In mice, CD14 deficiency seems to be protective against chronic M. tuberculosis infection by supressing inflammatory responses. Mouse bone marrow derived macrophages deficient in CD14 exhibited a significant reduction in TNF-α secretion when infected with M. avium compared to controls, but infection of CD14-deficient mice with M. avium or M. tuberculosis showed no difference in controlling mycobacterial infection compared to controls (Reiling et al. 2001, 2002). However, another study found CD14−/− mice survive chronic M. tuberculosis infection, although their wild type counterparts succumbed to infection due to reduced pulmonary inflammation (Wieland et al. 2008).

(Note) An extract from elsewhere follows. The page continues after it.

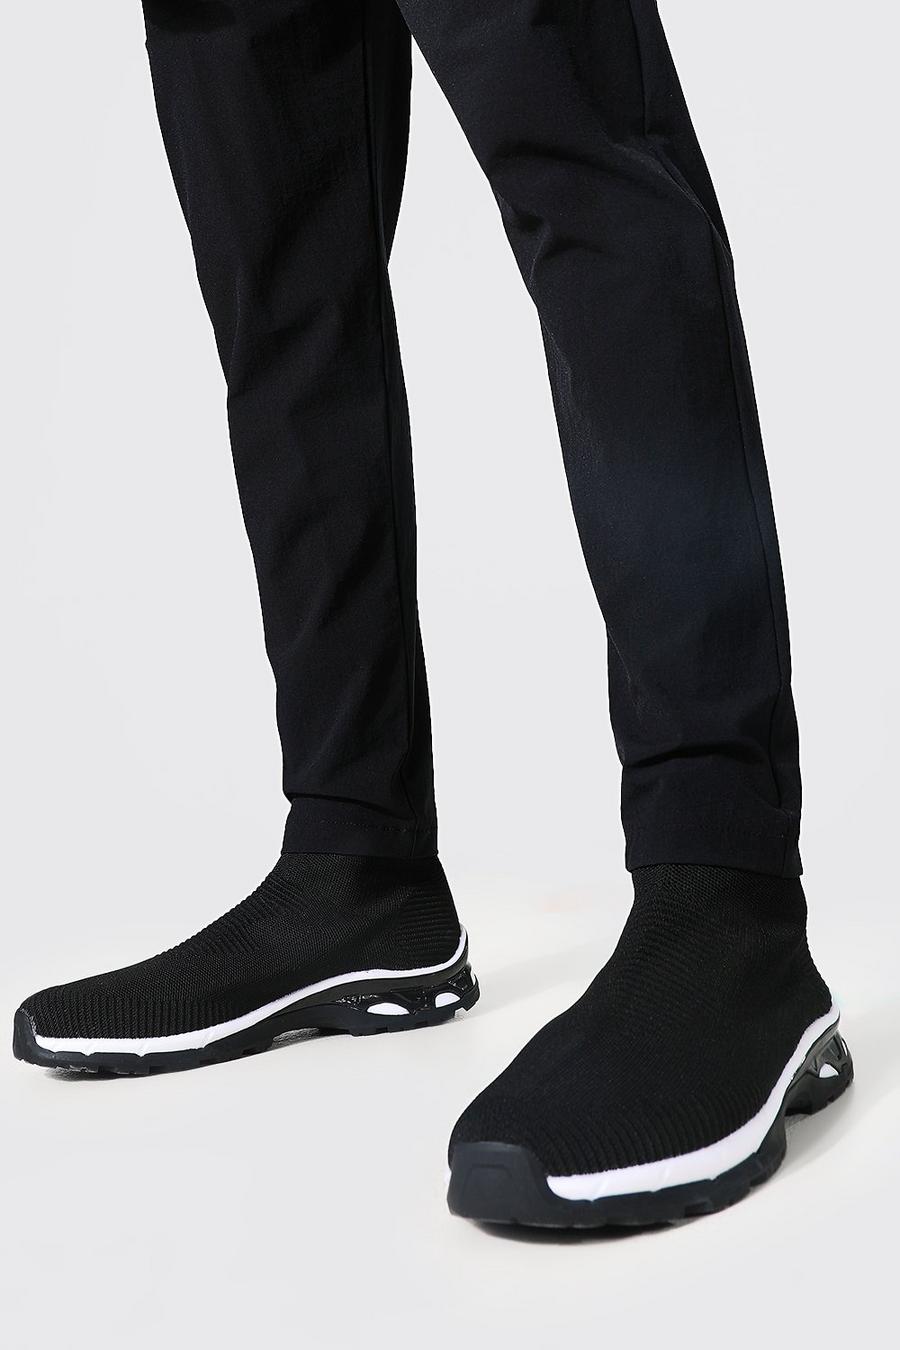 Botas calcetín acanaladas, Black negro image number 1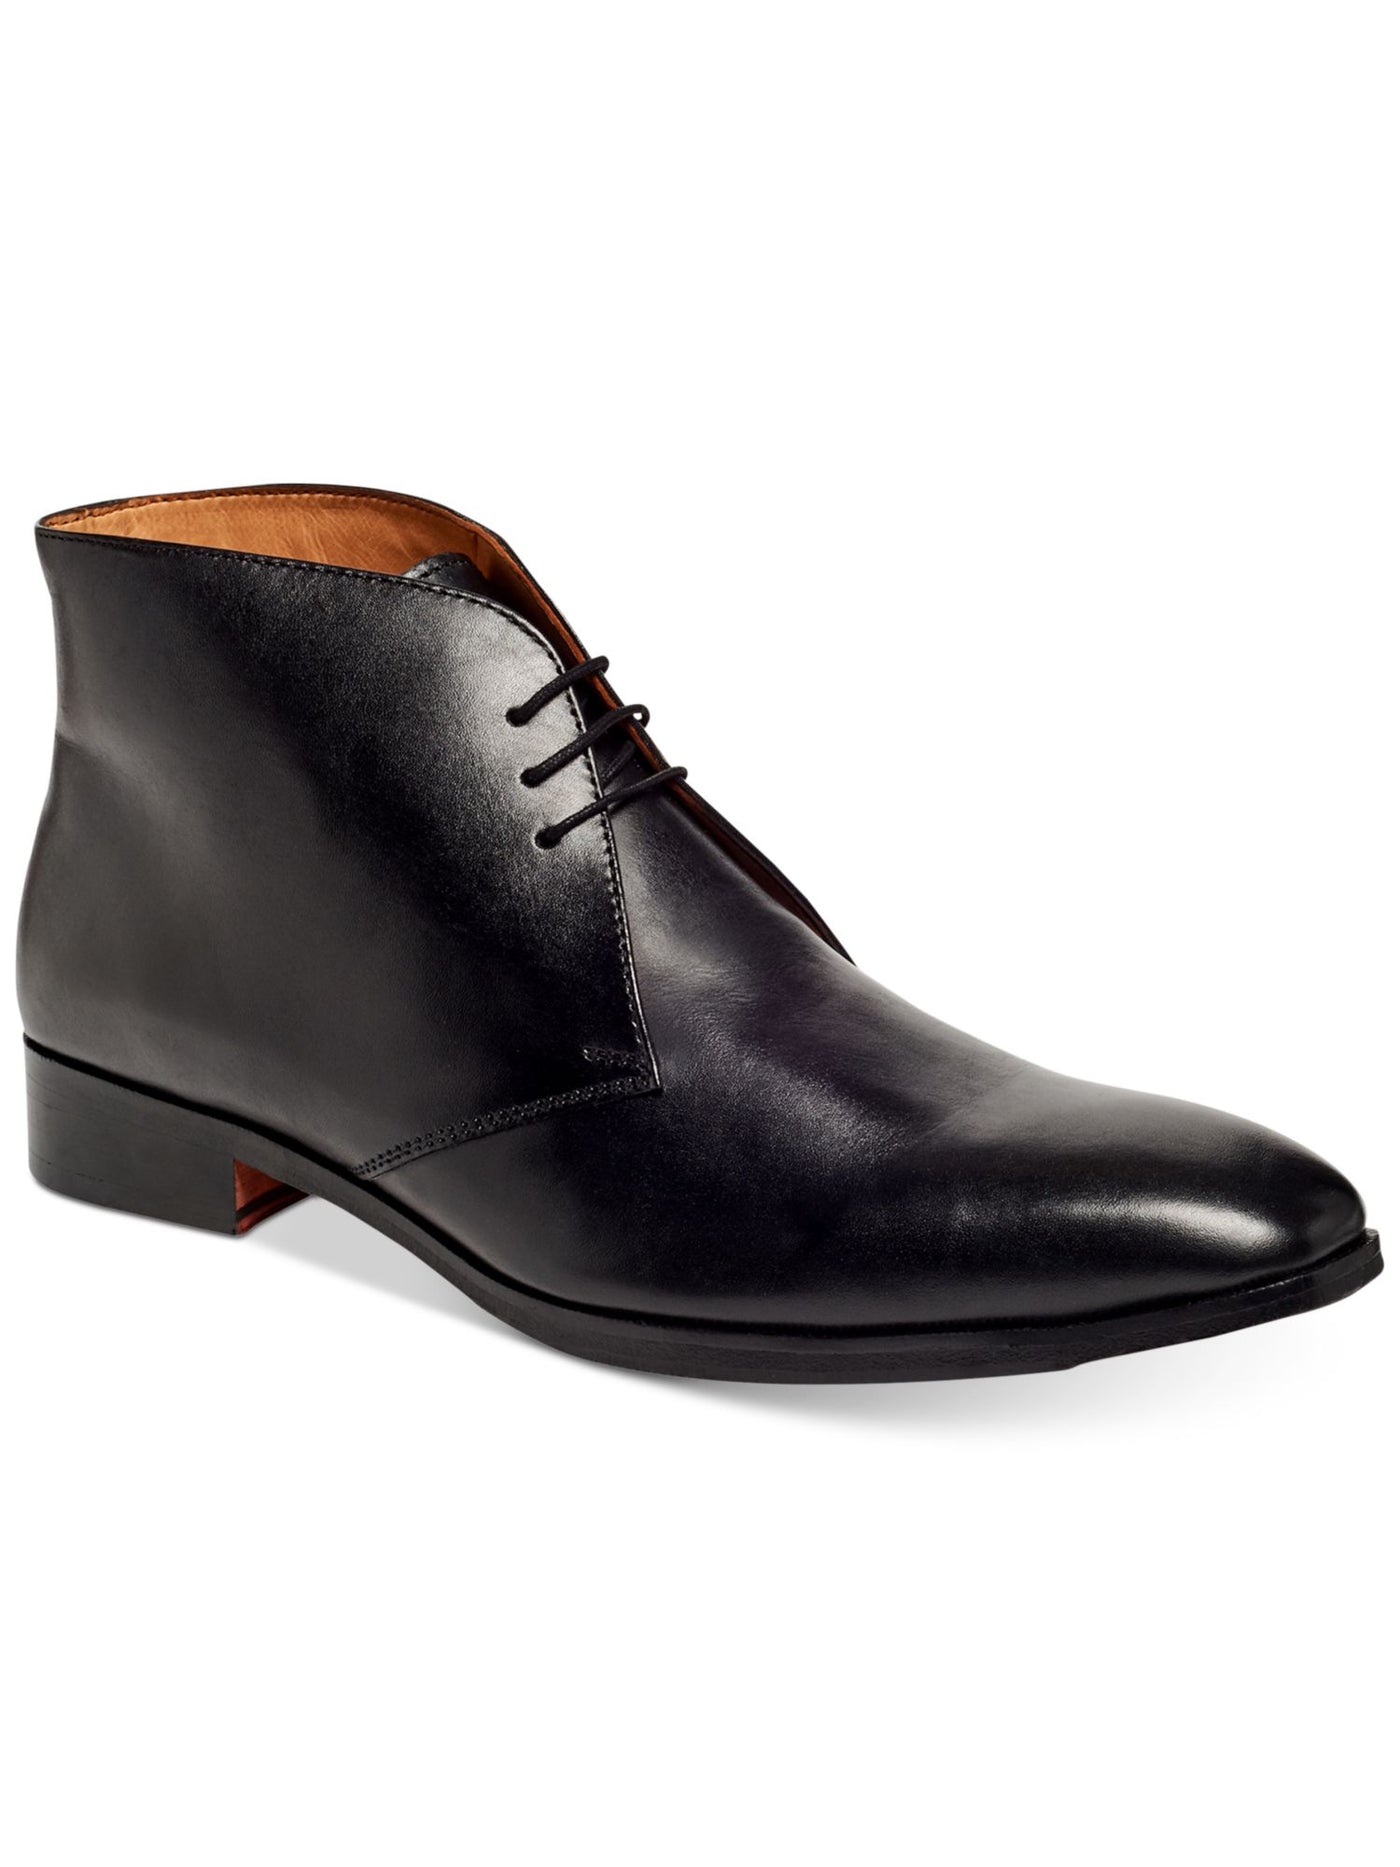 CARLOS BY CARLOS SANTANA Mens Black Comfort Corazon Almond Toe Lace-Up Leather Chukka Boots 7.5

Soluble CD14, produced from proteolytic cleavage of membrane CD14, seems to be significantly elevated in patients with pulmonary TB (Hoheisel et al. 1995). A SNP in the promoter region (C(−159)T) of the CD14 gene has been found to be associated with high levels of soluble CD14 and increased probably of developing pulmonary TB in the Mexican population (Rosas-Taraco et al. 2007). In another study, the -159TT allele in the CD14 promoter was also significantly associated with TB risk in the Korean population, probably from higher promoter activity resulting in higher level of soluble CD14, but also decreased IFN-γ secretion in individuals with this genotype (Kang et al. 2009).

6 Concluding Remarks

The nature of host-pathogen interaction is complex in tuberculosis. At the very heart of this is the host receptor-mycobacterial ligand interaction, which is the critical molecular dialogue in the early stages of M. tuberculosis infection. Understanding this molecular dialogue is profoundly important in determining the infection outcome. In vitro studies have proven an essential first step, but they often only involve one receptor-ligand interaction. In vivo, the host-pathogen communication is undoubtedly more complex involving an array of mycobacteria ligands that interact with several host PRRs, both soluble and membrane bound. There is indeed redundancy in both the mycobacterial ligands and host PRRs. In vivo, internalisation of M. tuberculosis involves multiple routes of cellular entry and crosstalk and co-operation between different PRRs. There seems to be a balance between TLR and CTLR entry with TLR often favouring a pro-inflammatory response, whereas CTLR favouring an anti-inflammatory response. Furthermore, the favoured target cell of M. tuberculosis (macrophage or dendritic cell) adds an additional layer of complexity. Fully understanding the host-pathogen dialogue in the early stages of infection is the ‘holy grail’ in preventing tuberculosis, because only then can we devise strategies to fully block mycobacterial interaction and entry into human cells.